**Information provided:**
== == ==
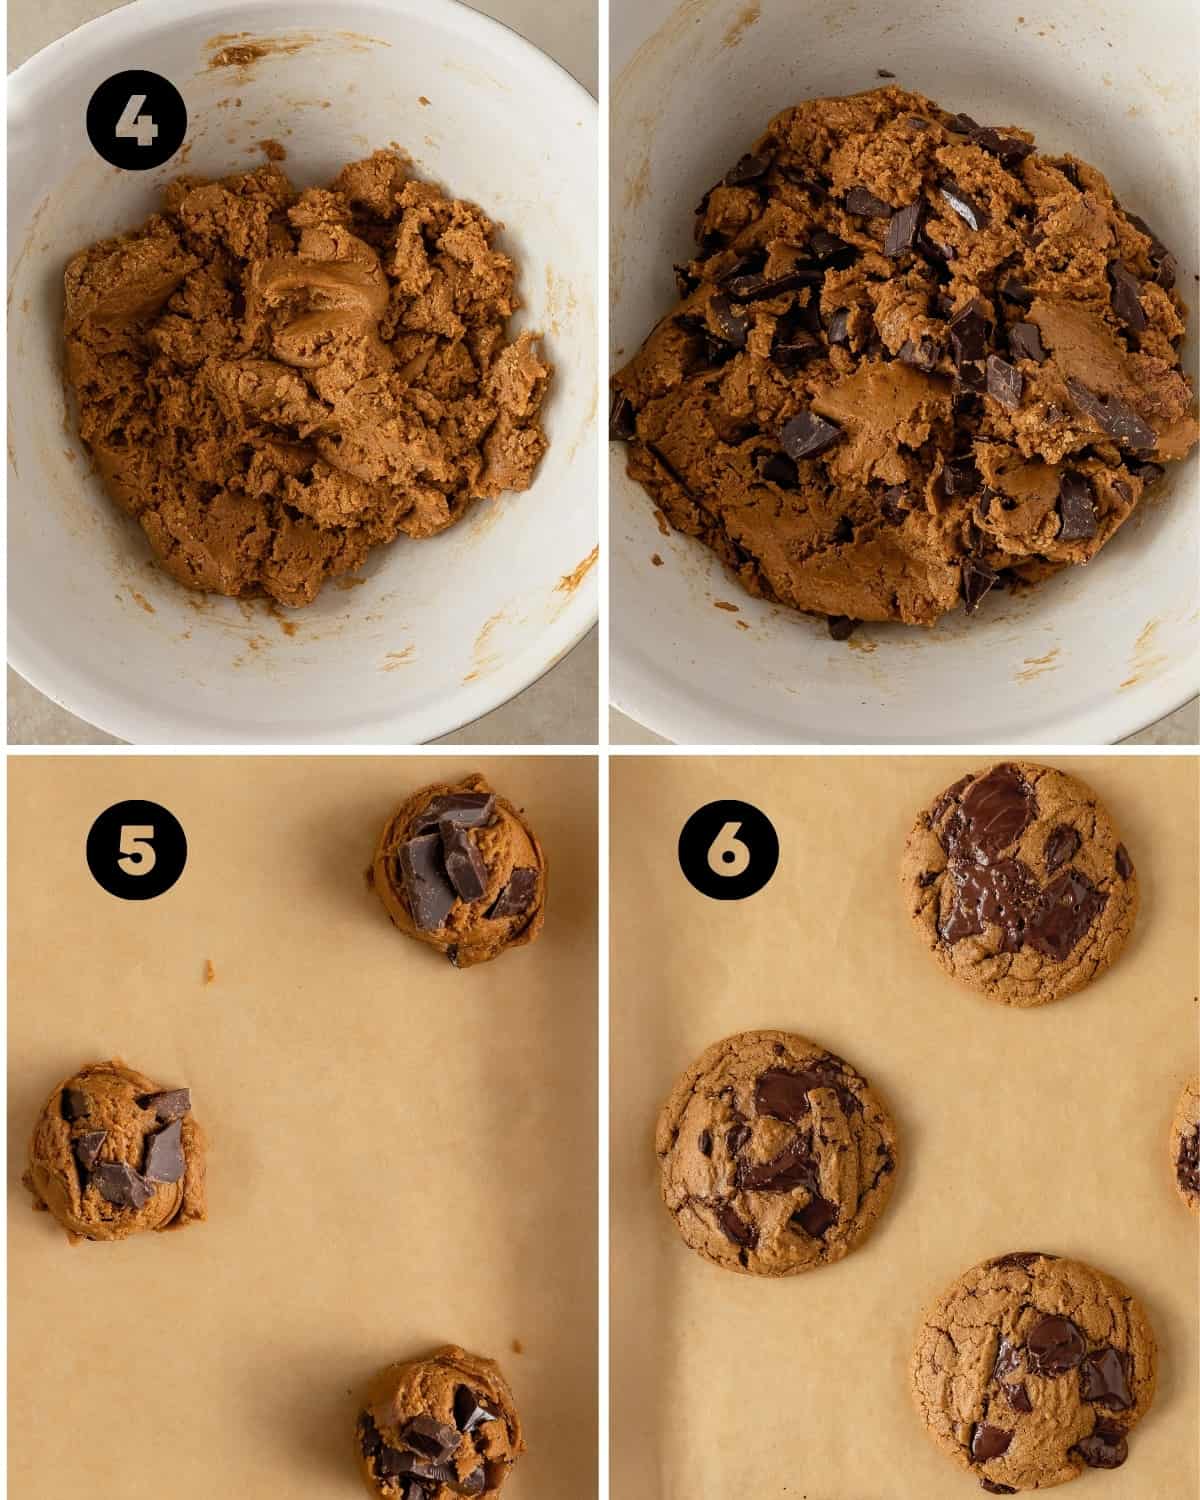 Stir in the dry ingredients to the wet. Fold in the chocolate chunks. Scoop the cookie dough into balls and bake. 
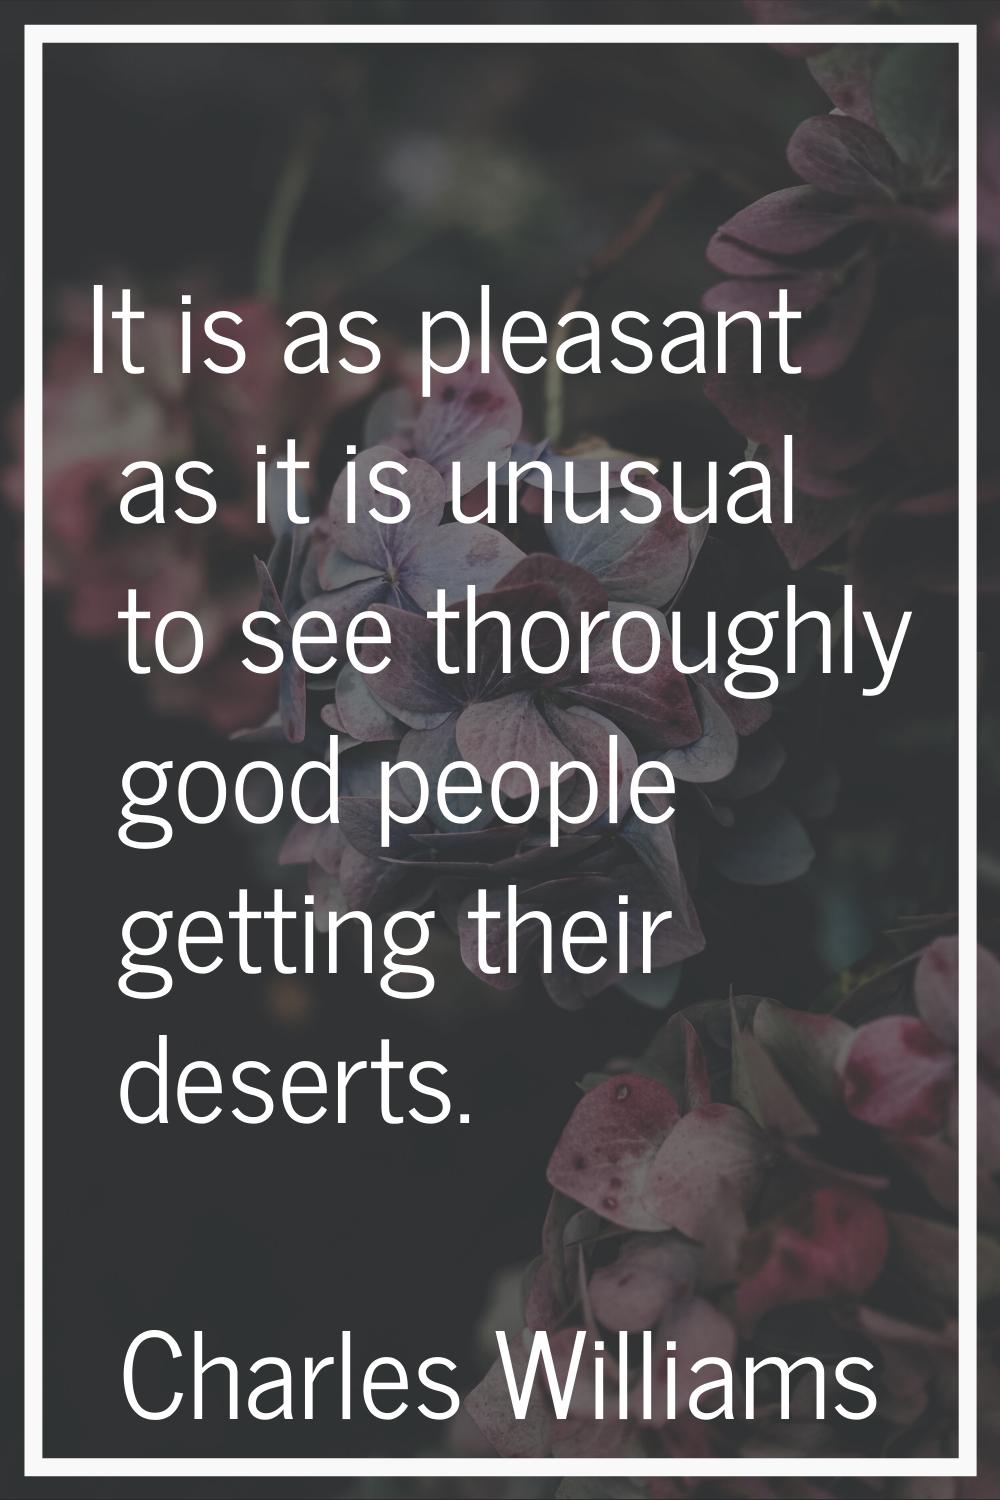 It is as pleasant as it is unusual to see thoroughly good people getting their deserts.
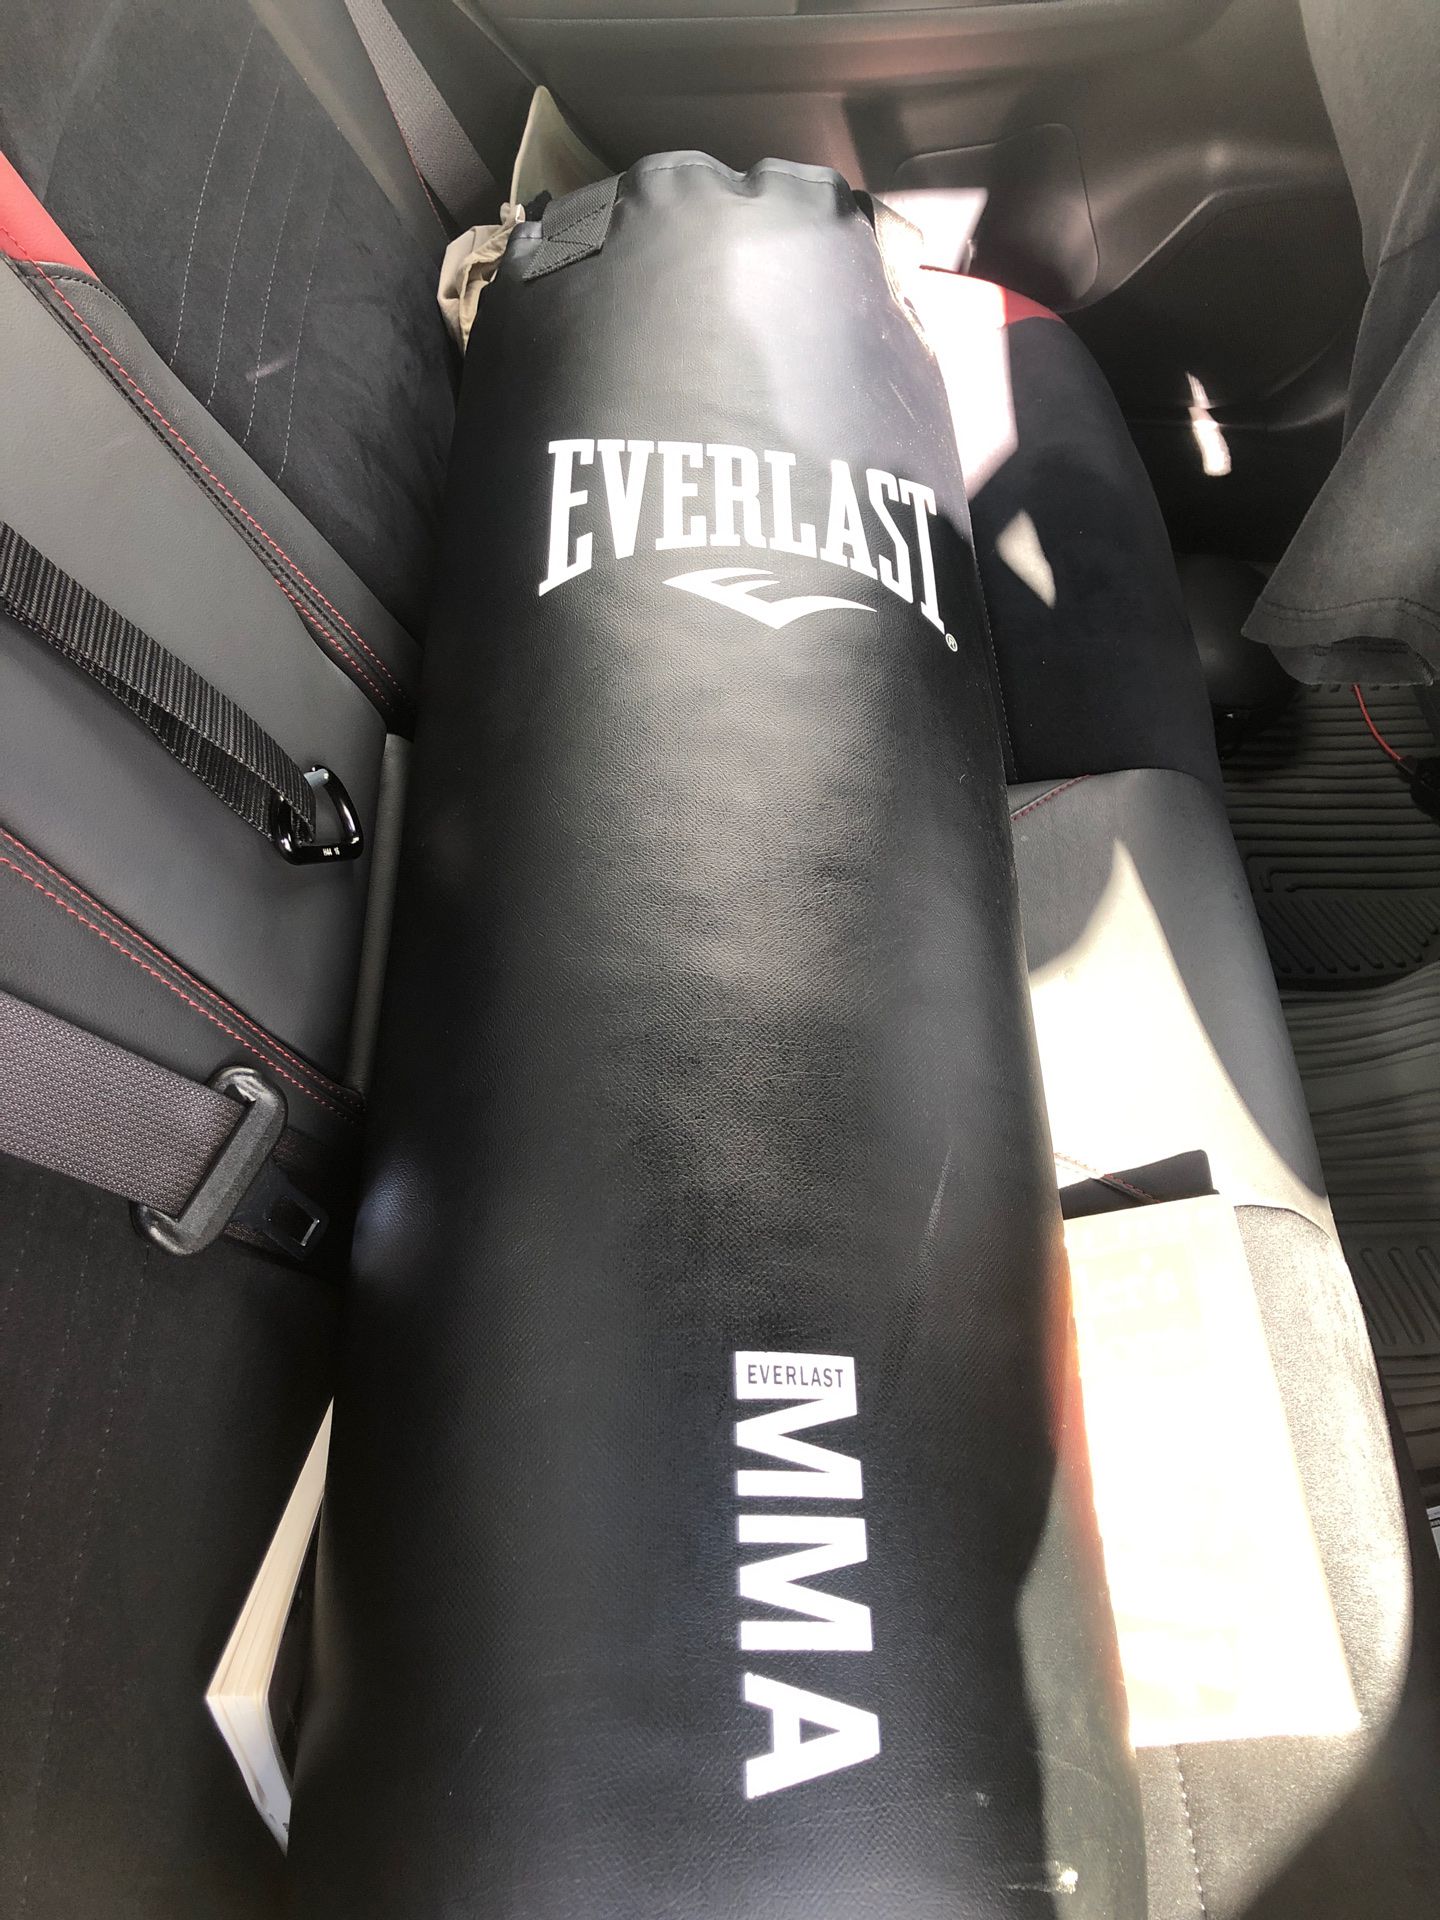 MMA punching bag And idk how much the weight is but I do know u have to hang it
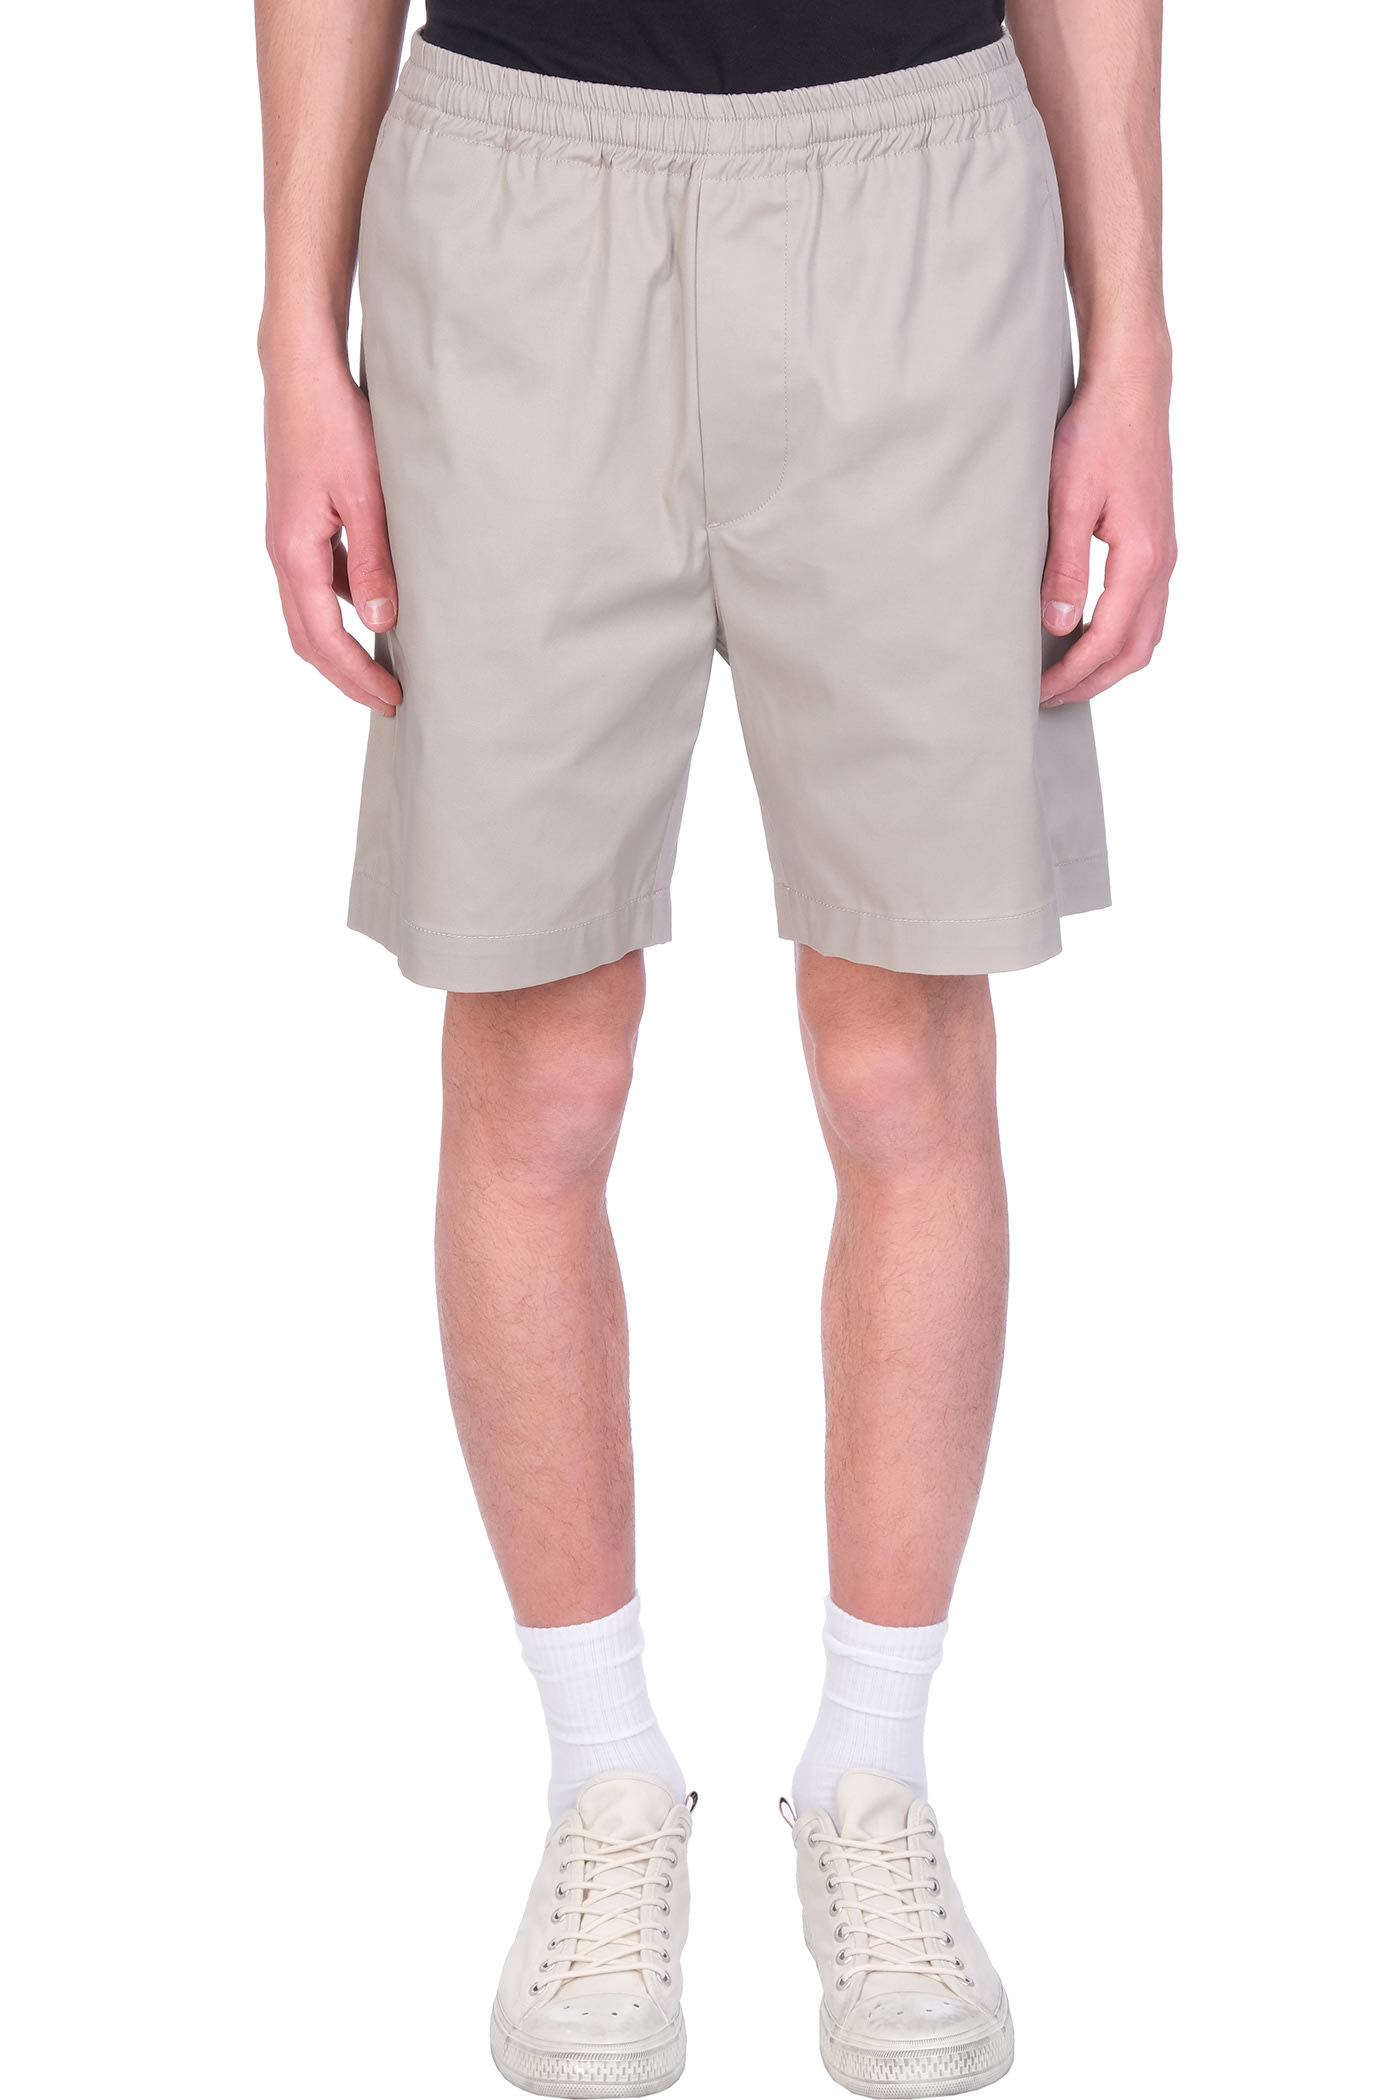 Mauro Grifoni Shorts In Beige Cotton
== == ==
**Work order:** Your task is to retype, exactly and only, the lines from the line holding "It is as pleasant" through the final line of the data above, with both ends kept. Drop the pictures.

**Exercise response:**
 It is as pleasant as it is unusual to see thoroughly good people getting their deserts.
 MMA punching bag And idk how much the weight is but I do know u have to hang it
 Mauro Grifoni Shorts In Beige Cotton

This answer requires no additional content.